One of the more interesting gifts I received is a storm glass (to the left) from my step-daughter.
The storm glass or chemical weather glass was an instrument which was proposed as a method for predicting weather. It consisted of a special liquid placed inside a sealed transparent glass. The state of crystallization within the liquid was believed to be related to the weather.
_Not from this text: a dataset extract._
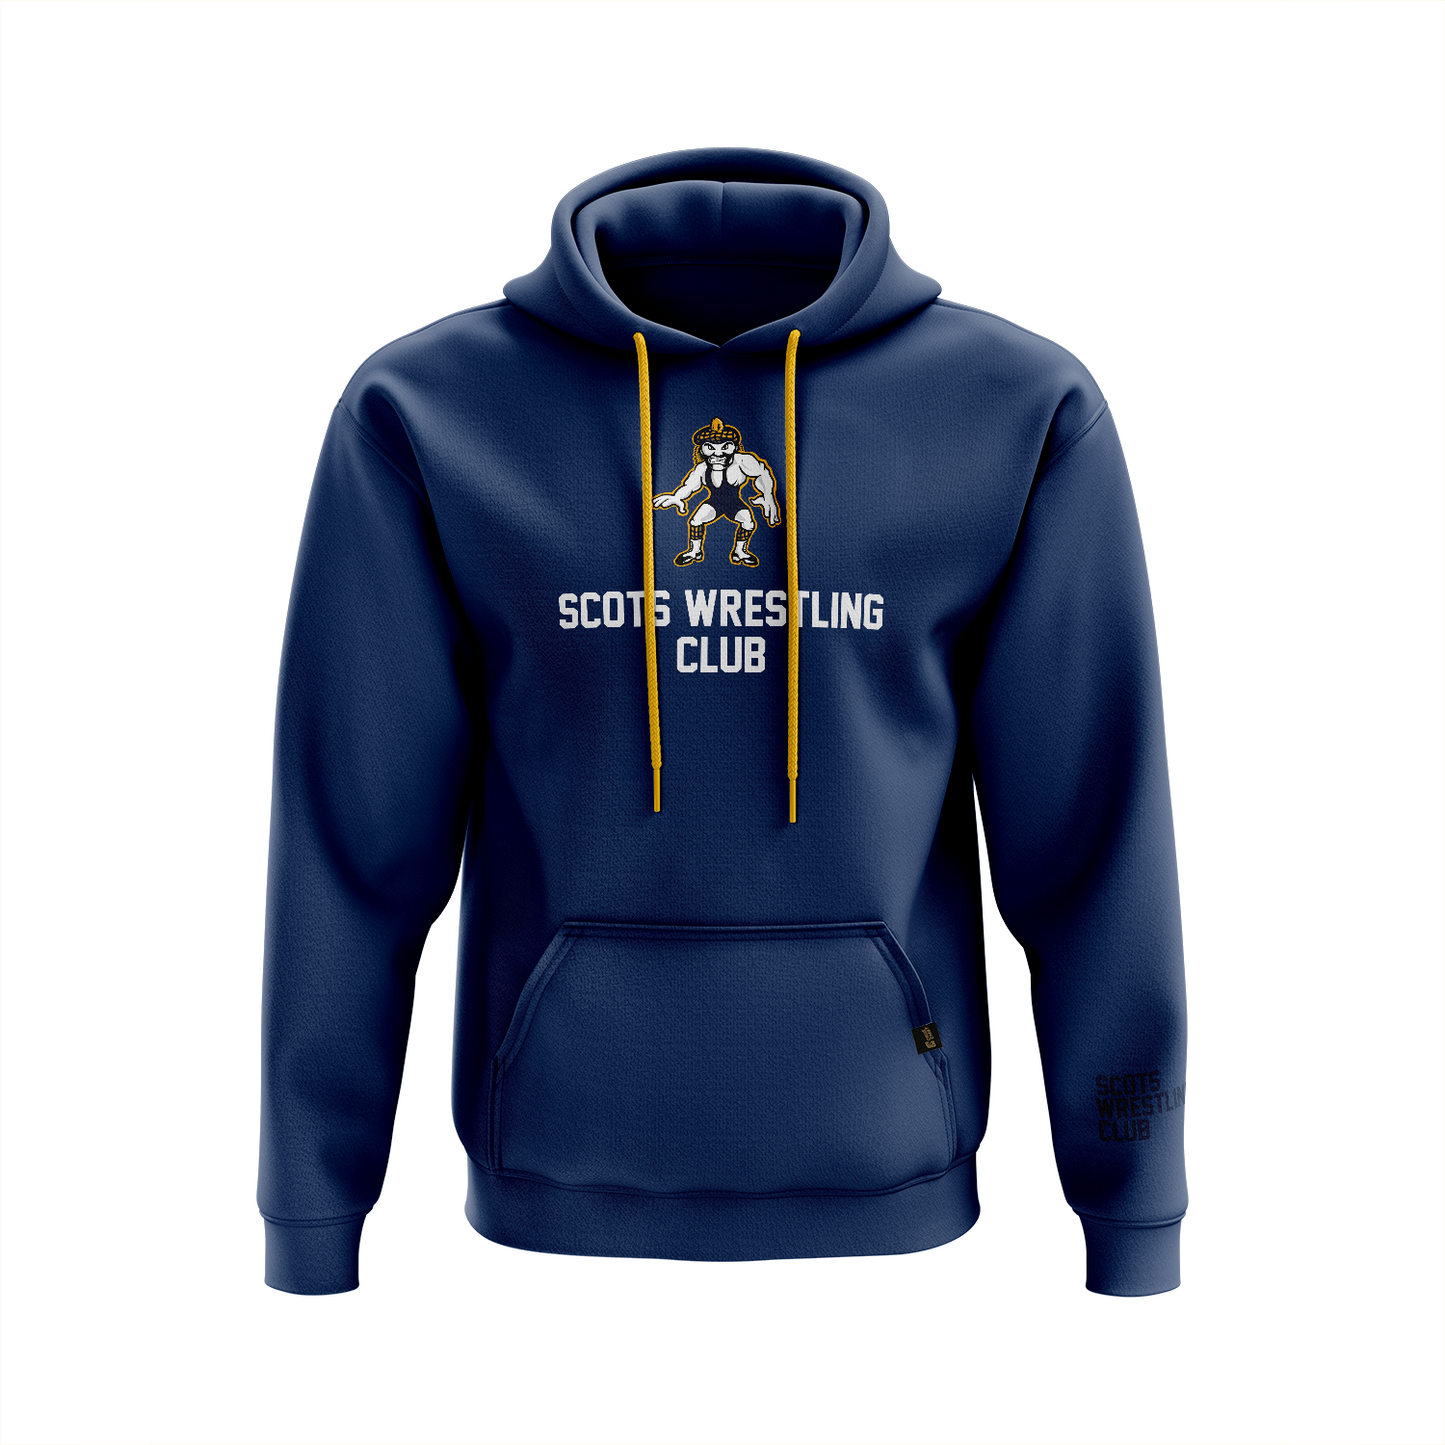 Scots Wrestling Club pullover hoodie Standard Issue, navy

The inventor is unknown but the device became popular in the 1860s after being promoted by Admiral Robert FitzRoy who claimed that
“if fixed, undisturbed, in free air, not exposed to radiation, fire, or sun, but in the ordinary light of a well-ventilated room or outer air, the chemical mixture in a so-called storm-glass varies in character with the direction of the wind, not its force, specially (though it may so vary in appearance only) from another cause, electrical tension.”
The compositions of the liquid in a storm glass varied but usually contained “camphor, nitrate of potassium and Sal-ammoniac, dissolved by alcohol, with water and some air.”
FitzRoy carefully documented how the storm glass would predict the weather:
- If the liquid in the glass is clear, the weather will be bright and clear.
- If the liquid is cloudy, the weather will be cloudy as well, perhaps with precipitation.
- If there are small dots in the liquid, humid or foggy weather can be expected.
- A cloudy glass with small stars indicates thunderstorms.
- If the liquid contains small stars on sunny winter days, then snow is coming.
- If there are large flakes throughout the liquid, it will be overcast in temperate seasons or snowy in the winter.
- If there are crystals at the bottom, this indicates frost.
- If there are threads near the top, it will be windy.
In 1859, violent storms struck the British Isles. In response, the British Crown distributed storm glasses, then known as “FitzRoy’s storm barometers,” to many small fishing communities around the British Isles that were to be consulted by ships at port before setting sail.
I love old weather technology. We have had a glass thermometer with glass bulbs with weights attached to them which is fairly accurate. Though I wouldn’t base my forecasts on these instruments they have a place in history for those who attempted accurate forecasts with the tools they had on hand.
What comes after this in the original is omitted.